Путник поднялся на ноги. С трудом, опираясь на посох, который держал пастух. Сделал шаг — второй, третий. И пошёл вниз по тропе, к аулу, к дыму, к дому, где когда-то родился.
Пастух крикнул ему вслед:
— Эй, старик! А как тебя зовут?
Путник обернулся, и пастух увидел, что слёзы на его лице высохли. Вместо них горел свет — ровный, тихий, как лампада.
— Зови меня просто — Вернувшийся, — сказал он. — Потому что есть только два счастливых человека на свете: тот, кто идёт домой, и тот, кто уже пришёл. Все остальные — просто живущие.
И он пошёл дальше. А пастух стоял и смотрел ему вслед, и в голове его звучали те слова, которые он запомнил на всю жизнь:
«Человек без родины — дерево без корней. Упадёт — и сгниёт. И никому оно не нужно — ни живым, ни мёртвым, ни на этом свете, ни на том. А с корнями — даже сухой ствол держится веками, потому что земля помнит».

Вот так и у Аслана запело сердце. Потому что он вернулся. Потому что он был на своей земле. Потому что даже если завтра случится беда — он встретит её здесь, под этим небом, с этими людьми.
Дом — это место, где сердце перестаёт спать. И где можно умереть спокойно
— Дома! — выдохнул Карим, и в голосе его была такая радость, что все невольно улыбнулись. Даже кони, чуя родные конюшни, заржали веселее и прибавили шагу.
И тут из аула донёсся крик. Детский, пронзительный, радостный, как первый весенний гром:
— Едут! Наши едут!
Началось. Из всех дворов, из всех калиток, со всех улиц побежали люди. Дети неслись впереди, обгоняя друг друга, размахивая руками, как стая вспугнутых воробьёв, — только пятки сверкали на солнце. Женщины выбегали, вытирая руки о передники, и, увидев всадников, всплёскивали руками, будто голубки крыльями, и начинали причитать от радости. Старики, забыв про возраст и больные ноги, ковыляли к околице, опираясь на посохи, похожие на корни вековых деревьев.
Радость возвращения слаще мёда, а встреча — дороже золота. Когда сын возвращается домой, даже стены начинают улыбаться, — говорили старые женщины.
Первыми настигли мальчишки. Они облепили лошадей, как мухи — сладкую дыню, хватались за стремена, за хвосты, кричали наперебой:
— Дядя Карим! Дядя Умар! Дядя Аслан! А вы привезли нам гостинцы? А где вы были? А вы разбойников убили?
Карим спрыгнул с коня, подхватил одного мальчугана на руки, закружил, чмокнул в обе щеки:
— Ах ты, горный волчонок! Вырос-то как! А ну покажи, где твой отец?
Тут подоспели и взрослые. Мать Карима, старая Заира, пробилась сквозь толпу, как река пробивает камни, вцепилась в сына, прижала к себе и заплакала — беззвучно, по-старушечьи, уткнувшись лицом ему в грудь. Слёзы её катились по морщинам, как дождь по пересохшей земле. Карим обнял её, погладил по седой голове, белой, как вершины в январе:
— Всё хорошо, мама, всё хорошо. Живой я, здоровый. Не плачь.
Слёзы матери — это молитва, а молитва матери — это броня. Материнское сердце — бездонный колодец: сколько ни черпай, всё полно.
Сёстры, братья, отцы, матери — все хотели прикоснуться к вернувшимся, убедиться, что они живые, настоящие, что не приснились. Аул гудел, как растревоженный улей, как горная река в половодье, как базарный день в большом селении.
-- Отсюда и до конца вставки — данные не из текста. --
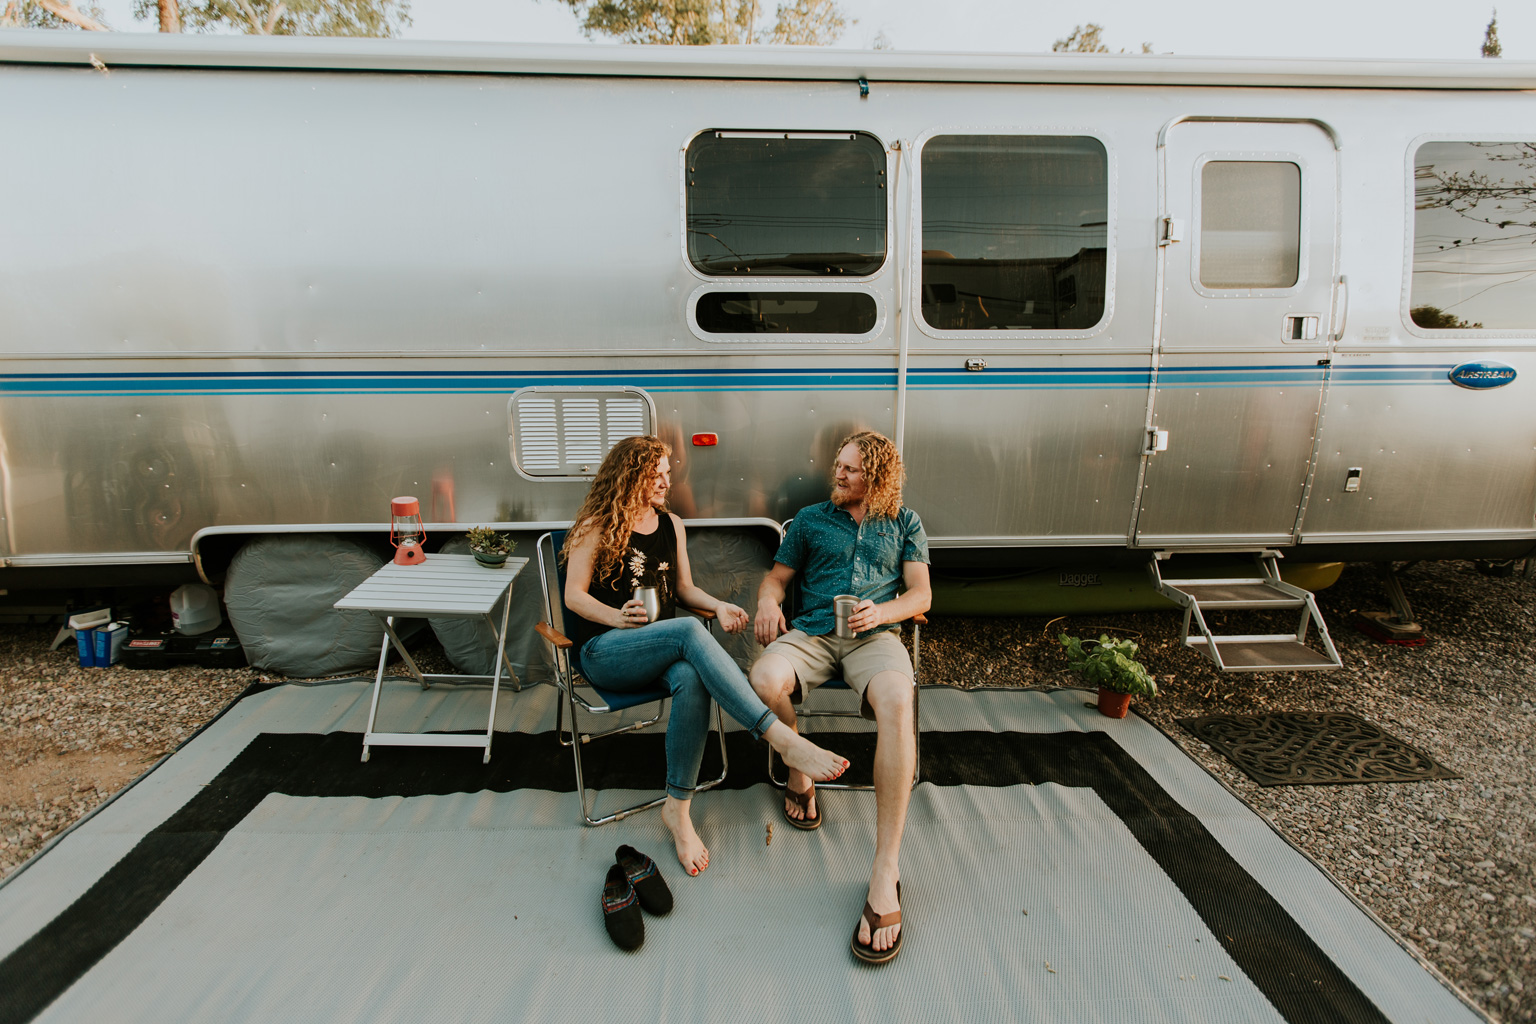 CindyGiovagnoli_Tucson_Arizona_engagement_lifestyle_portrait_Airstream_Excella_travel_trailer_camper_Saguaro_National_Park-050.jpg

И тут, сквозь этот шум и гам, Аслан услышал то, что неизбежно должно было прозвучать.
— Ой, смотрите, смотрите! — зашептались девушки, собравшиеся кучкой у родника, словно голуби на карнизе. Голоса их зажужжали, как осиный рой, когда кто-то потревожил их гнездо. — Они опять девушку привезли!
— И правда, — подхватила другая, постарше, с острым, как серп, любопытством в глазах. Глаза её блестели, как два уголька в золе. — Красивая какая... Интересно, чья она?
— Чья-чья... Общая, наверное, — фыркнула третья, и в голосе её послышалась обида, горькая, как полынь, как та горькая трава, которую скот ест только от бескормицы. Она повела плечом, будто скидывала невидимую тяжесть.
Матери, стоявшие поодаль, переглянулись с понимающим видом. Одна, полная, в цветастом платке, повязанном по-домашнему, покачала головой — тяжело, осуждающе, как маятник старых часов — и сказала достаточно громко, чтобы Аслан услышал:
— Опять привели чужую. Как будто своих мало! Вон сколько девушек в ауле невест — и красивых, и работящих, и с приданым, и с роднёй, и с уважением. А они всё чужих тащат, как будто свои хуже.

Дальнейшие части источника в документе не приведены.